North of the border, Crescent Point Energy and EnCana Corporation loaded up on sizable holdings. It is estimated that Crescent Point holds in excess of half a million acres and EnCana has approximately 650,000 acres. Bowood Energy holds 65,880 acres and DeeThree has scrounged up 108,000 acres.

 

Interest in the area is building even though there is no evidence of a real major oil discovery. Clearly, the biggest winner is the government of Alberta. It has raked in almost $200 million in land sales for the southern basin in the past ten months.

 

Land sales on the Alberta side have been as high as $1800 per acre.

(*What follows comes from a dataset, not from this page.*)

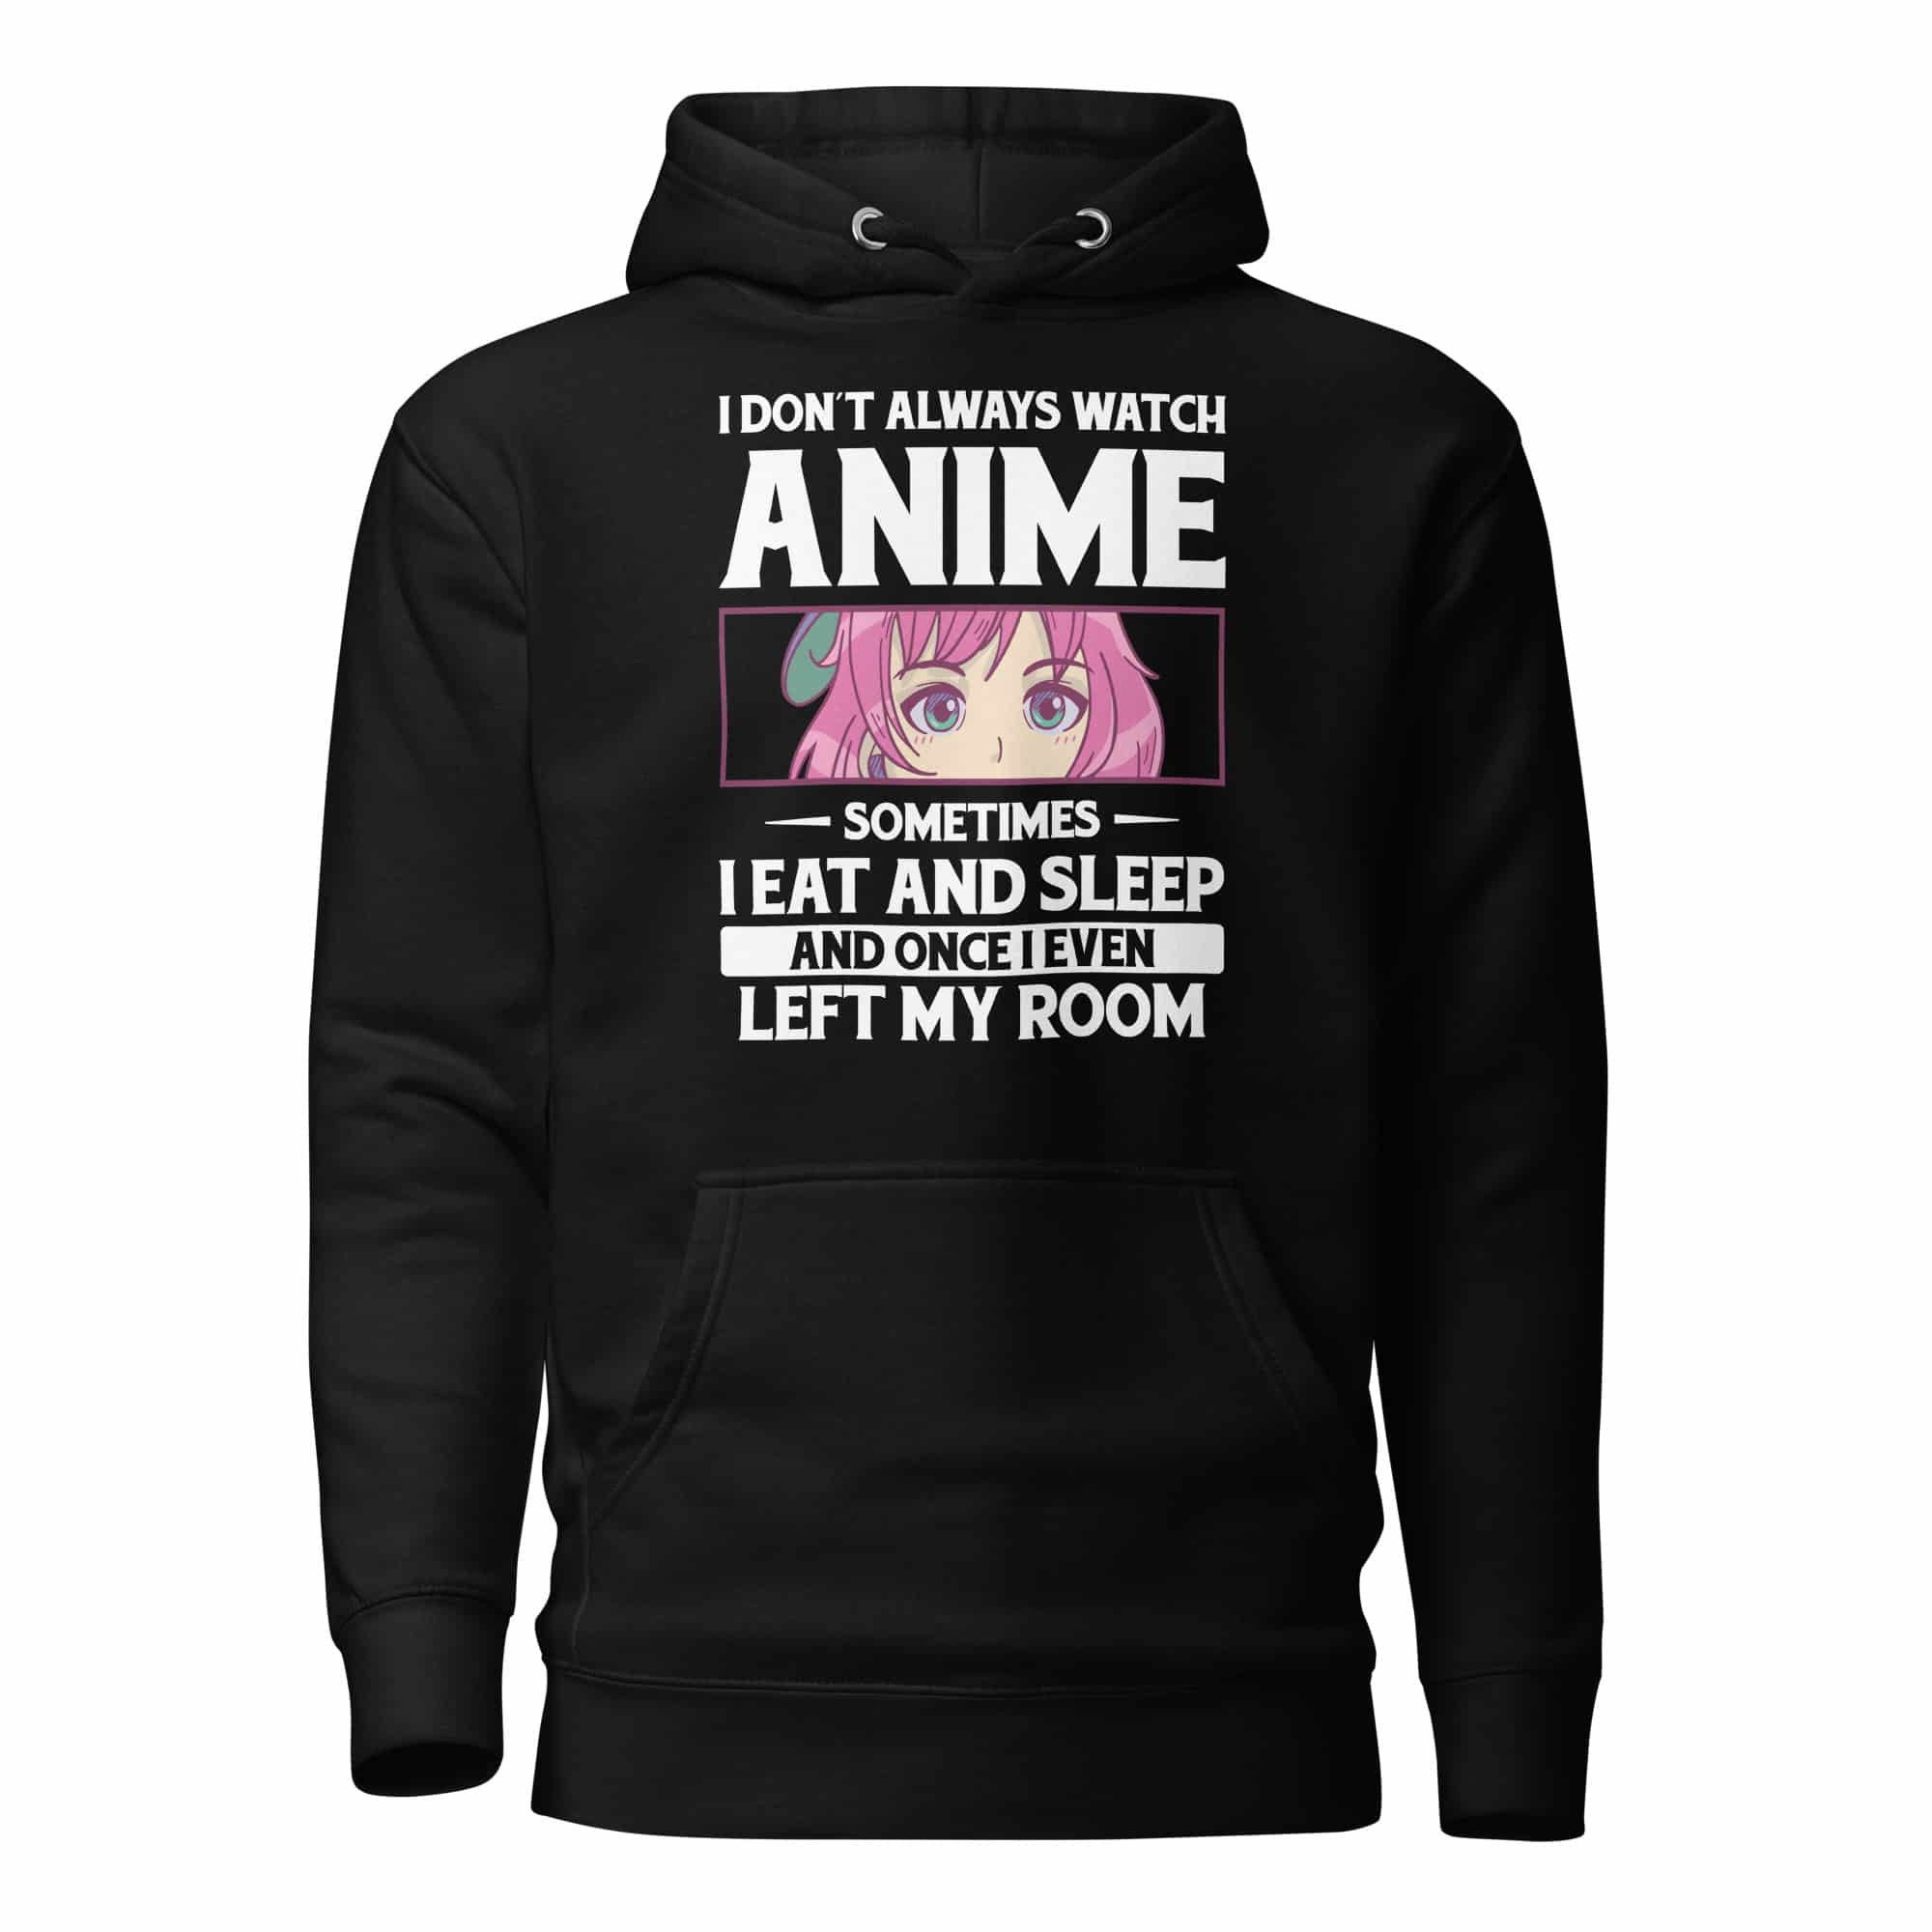 I Dont Always Watch Anime Unisex Hoodie Video game store Gaming merchandise Gaming accessories shop Online gaming store Video game shop near me Gaming console store PC gaming store Gaming gear shop Retro gaming shop Board game shop Anime merchandise Anime store online Japanese anime shop Anime figurines Manga shop Anime DVDs Anime accessories Anime apparel Anime collectibles Anime gifts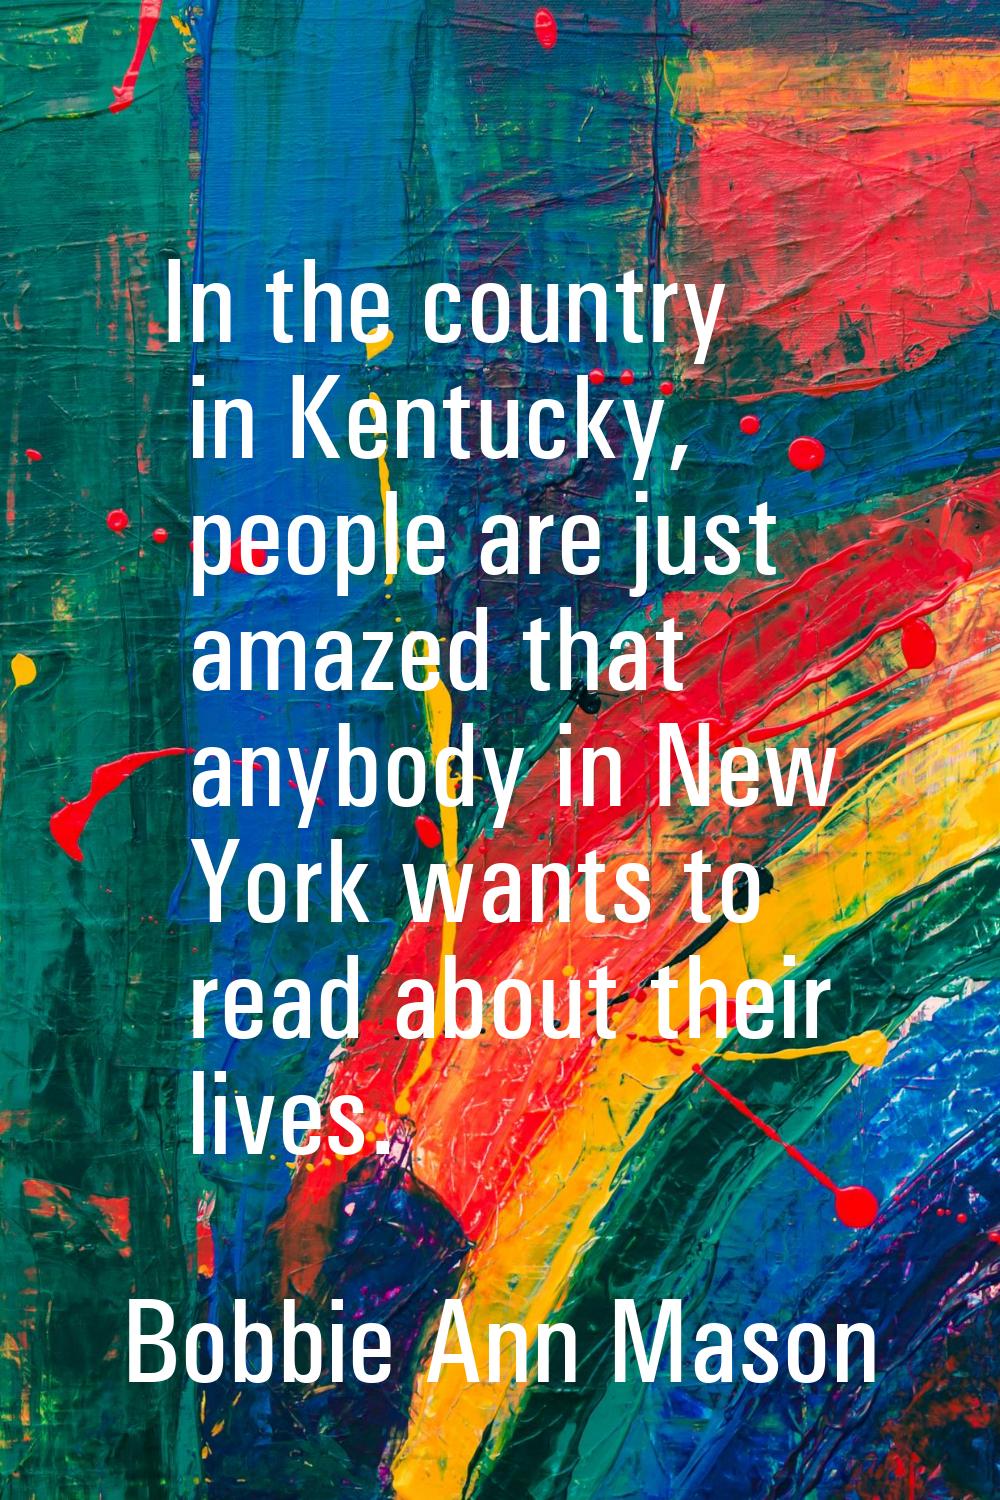 In the country in Kentucky, people are just amazed that anybody in New York wants to read about the

South of the border sales have been much lower and range from $1.50 to $1300 per acre; the average Montana leases sell at $100 to $200.

 

Several rumors on the American side have surfaced that one of the horizontal wells drilled by Newfield Exploration Company was producing almost 100 barrels per day.  These hearsays were based on the number of holding tanks placed beside the well; this is hardly proof as to the well’s production numbers.

 

Time will tell whether the Alberta southern basin is a significant or viable discovery. The potential is there but many questions remain. It’s still a speculators play but… notable companies such as Crescent Point, EnCana, and Murphy Oil rarely commit large expenditures into exploration if odds of success are not favorable.